**Task description:** Where a picture shows up in the listing below, omit it and output the rest exactly.

**Source data:**
- - - - - - -

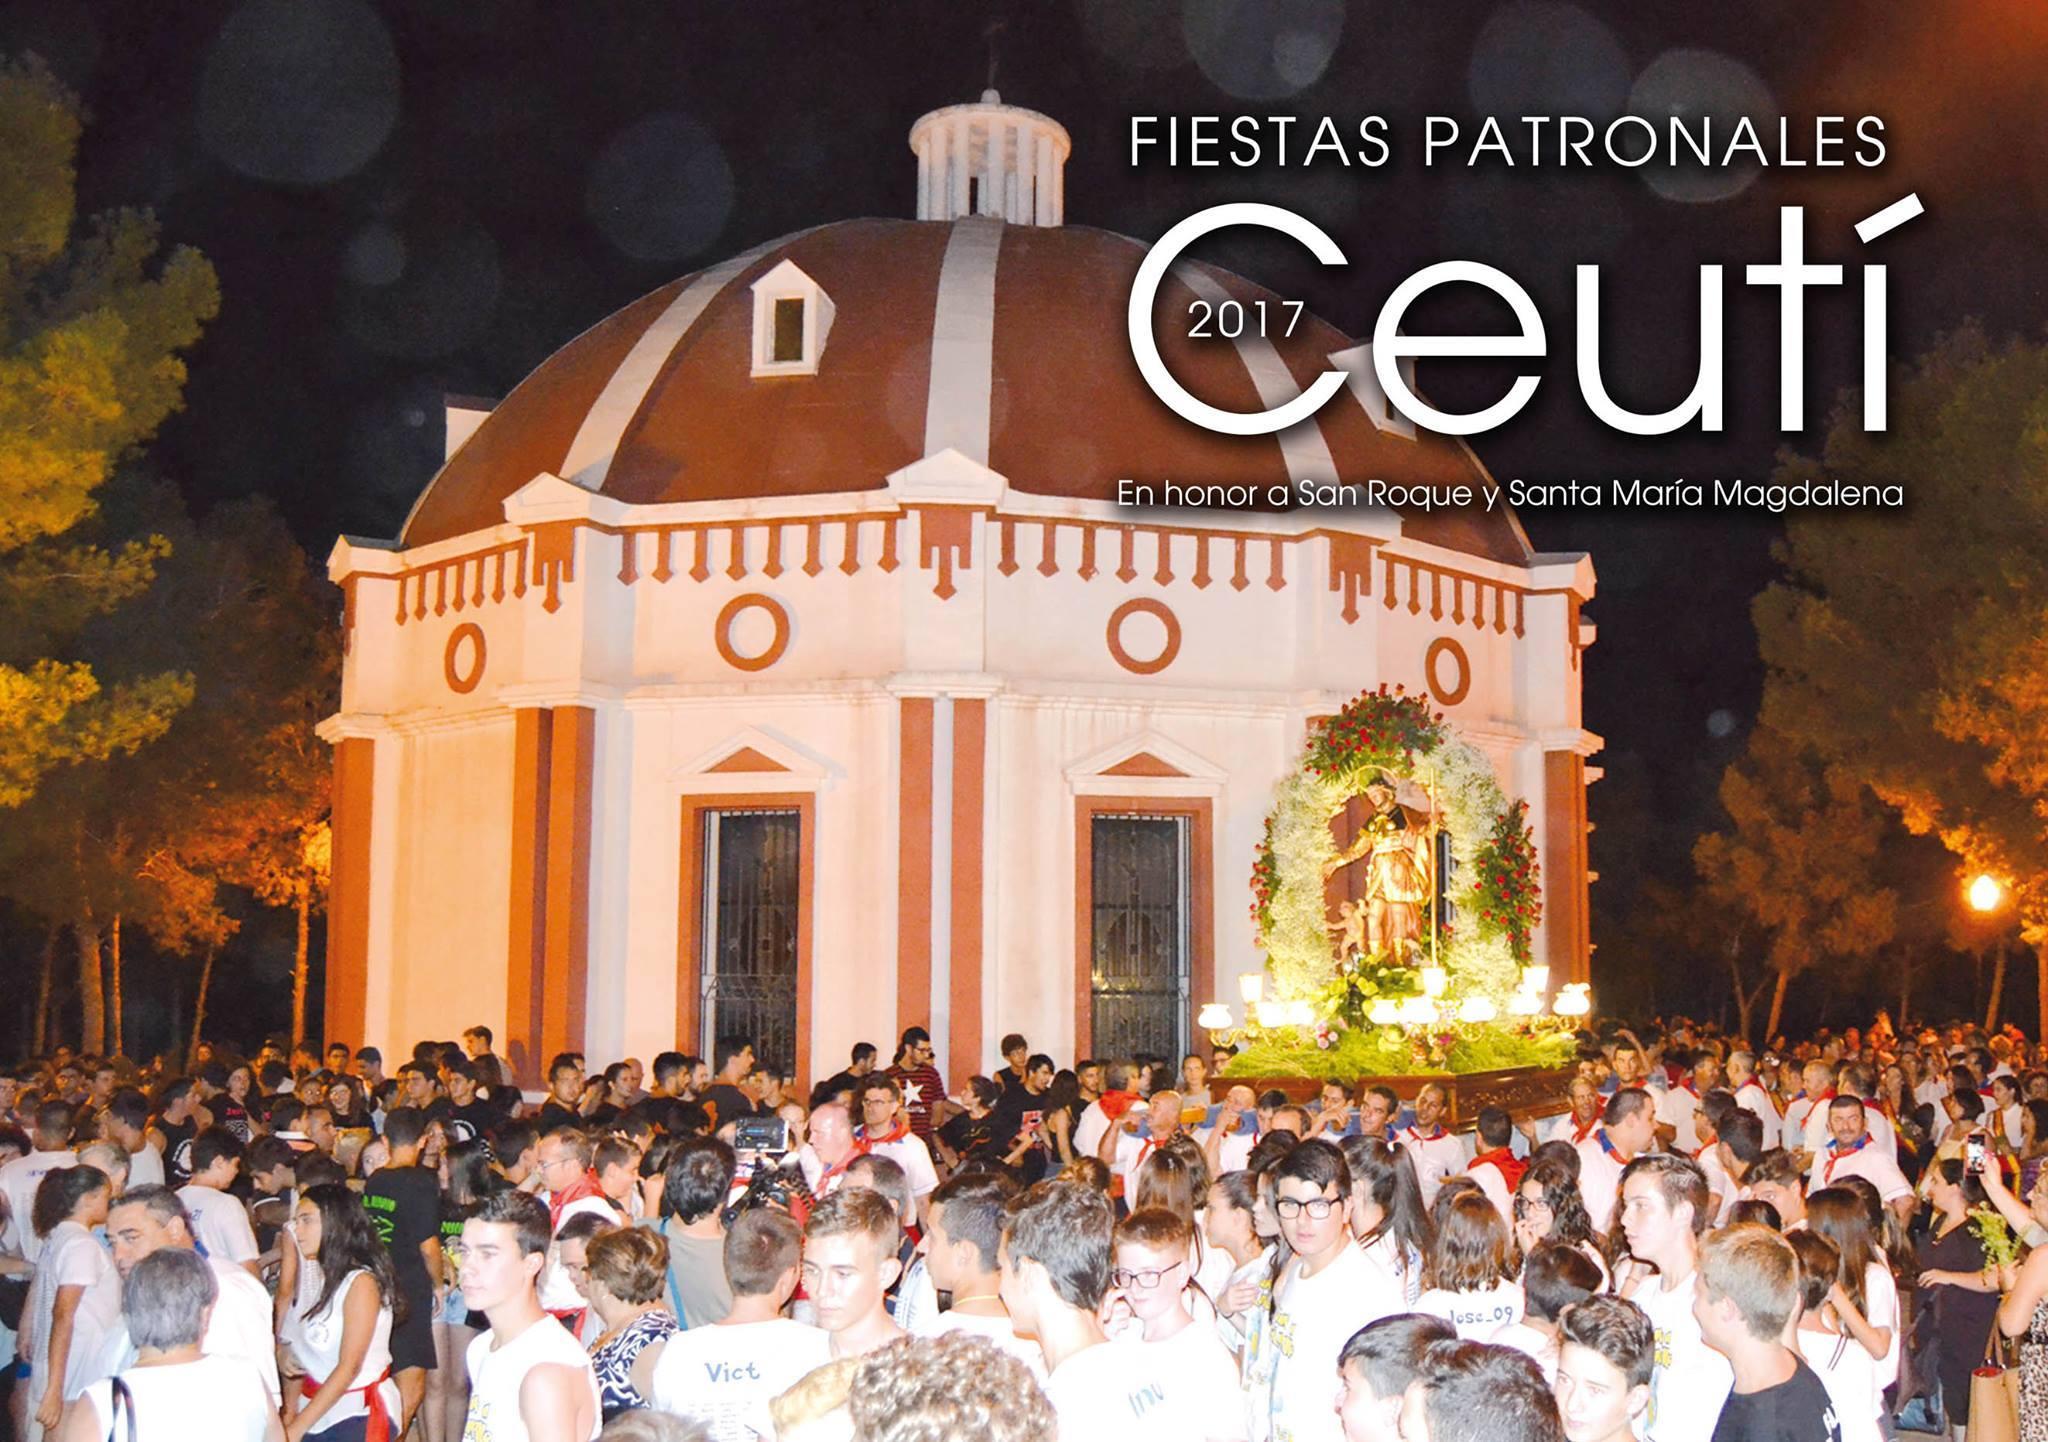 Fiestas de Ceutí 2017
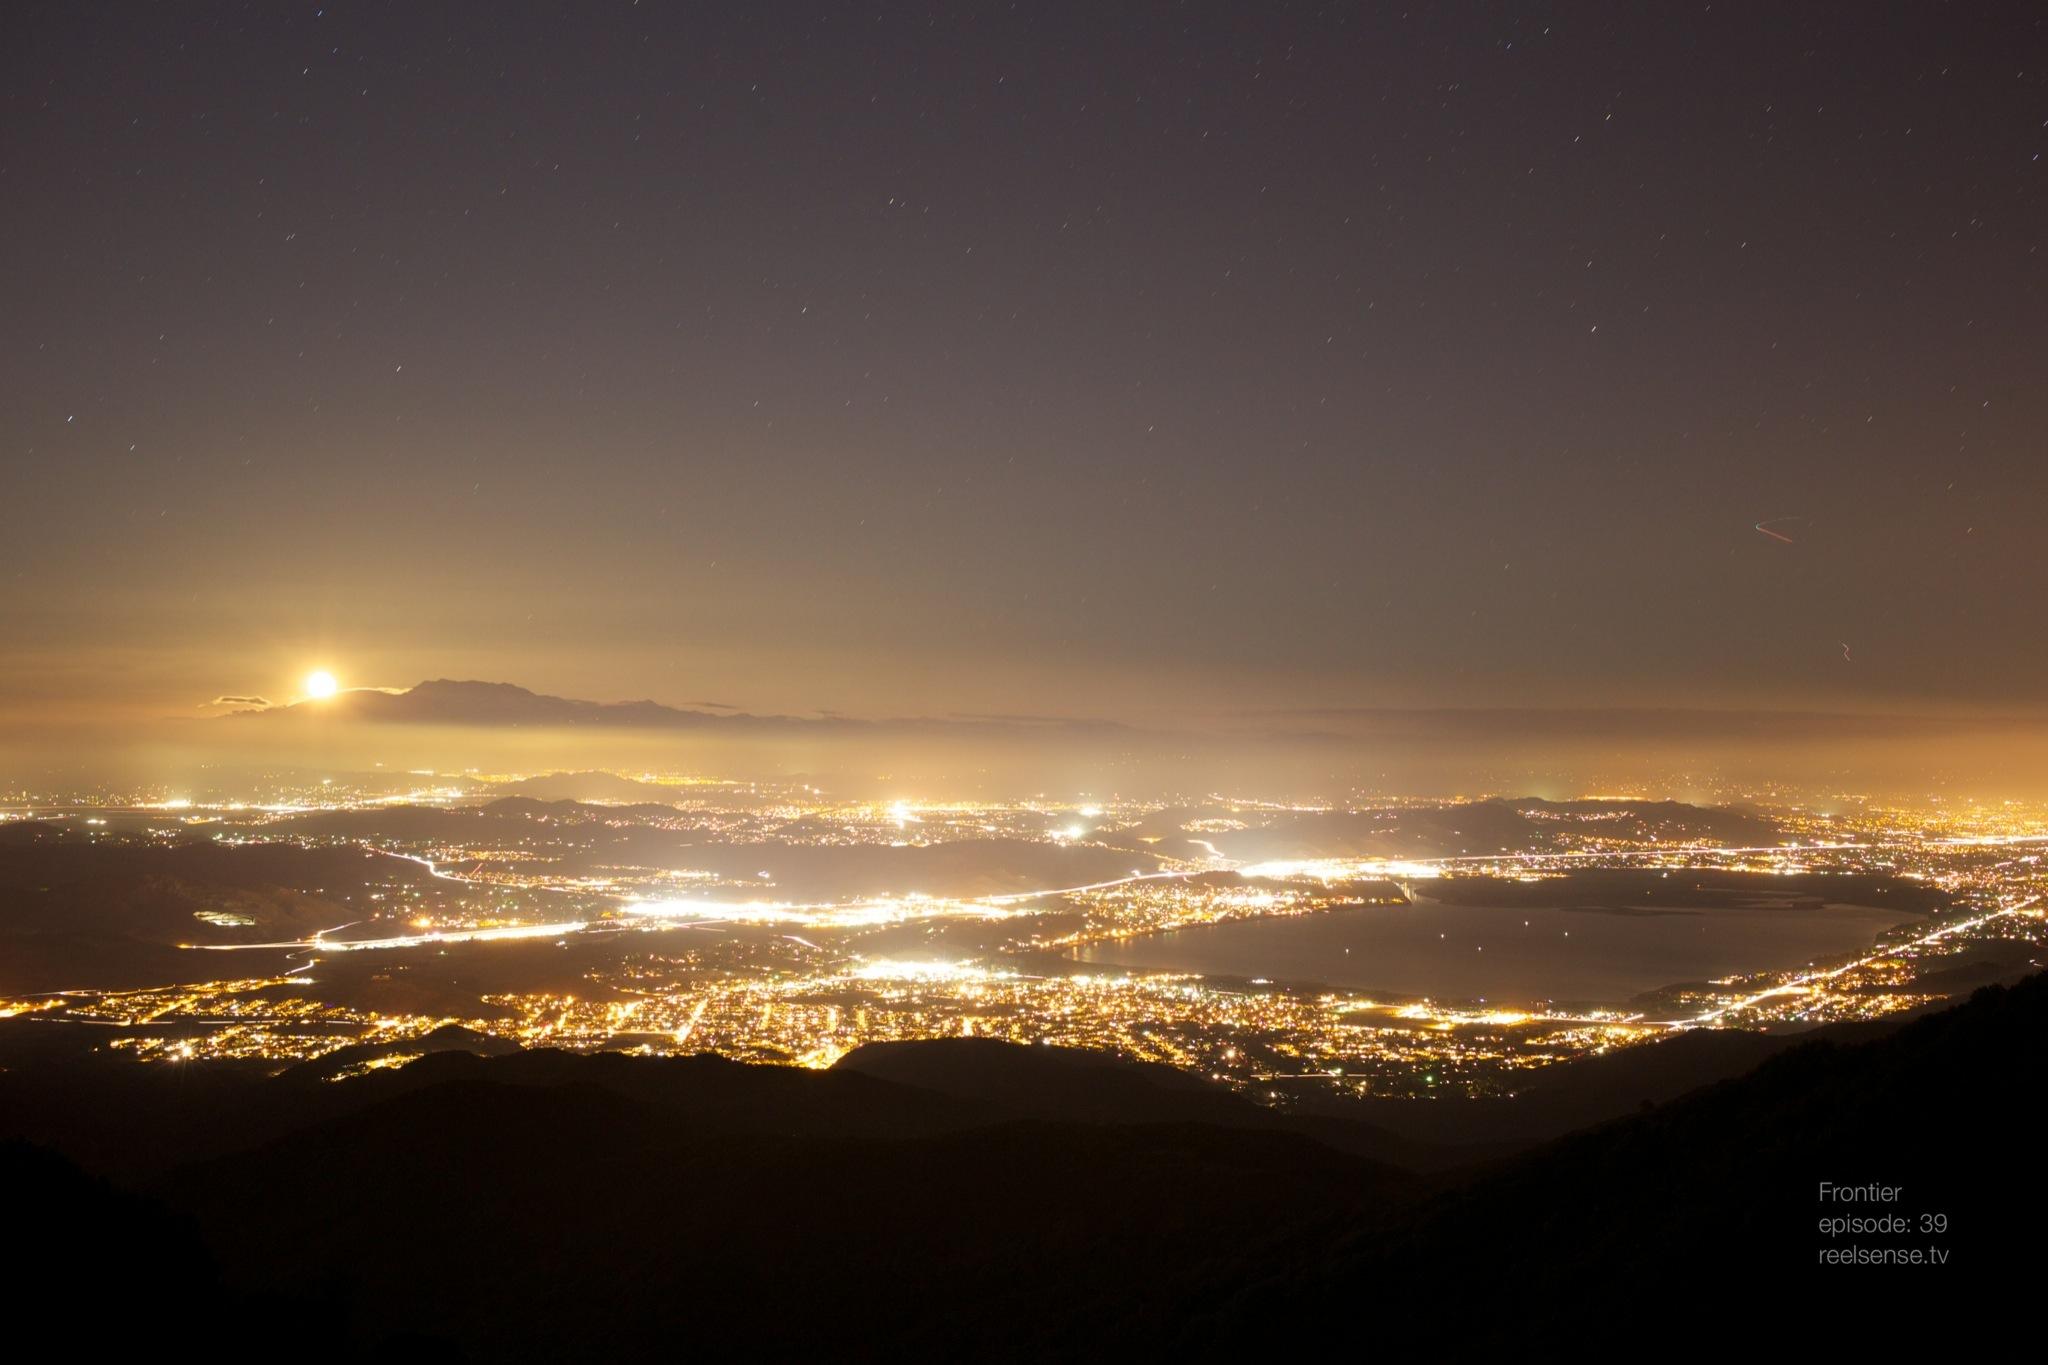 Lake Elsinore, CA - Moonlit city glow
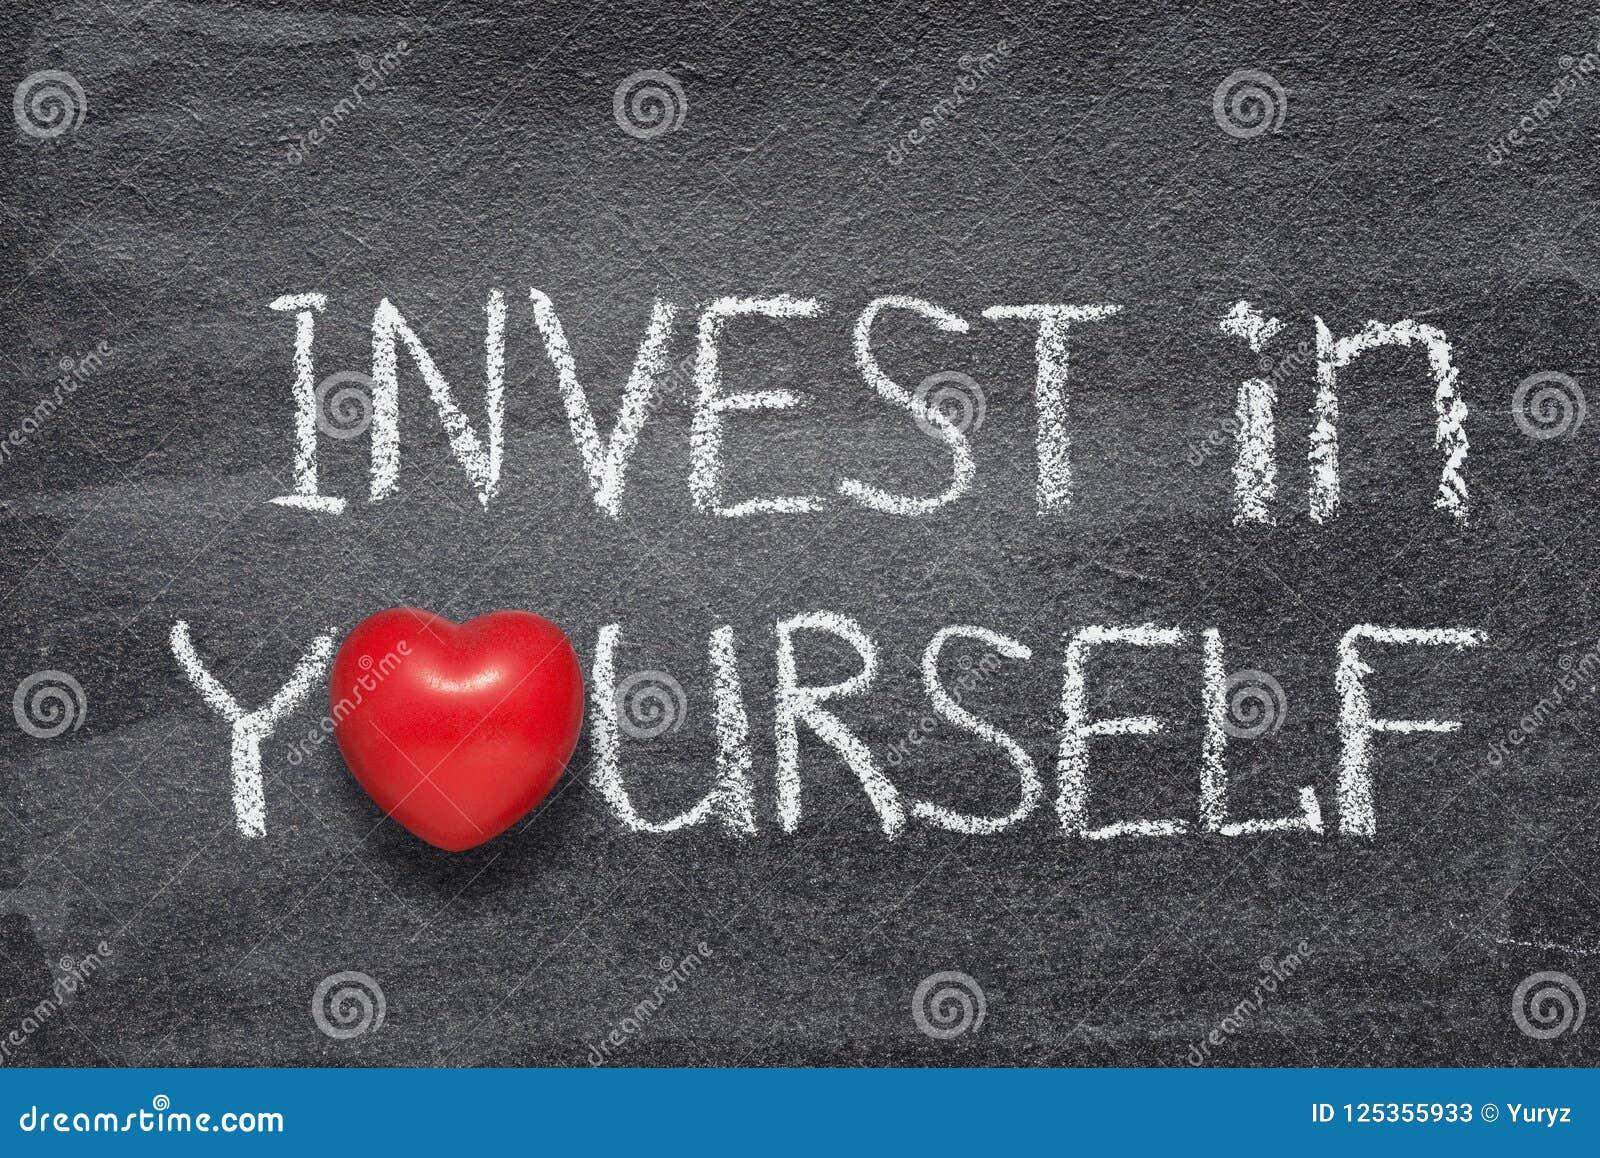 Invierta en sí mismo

- - - - - - -

**Response area:**
 Fiestas de Ceutí 2017
 Lake Elsinore, CA - Moonlit city glow
 Invierta en sí mismo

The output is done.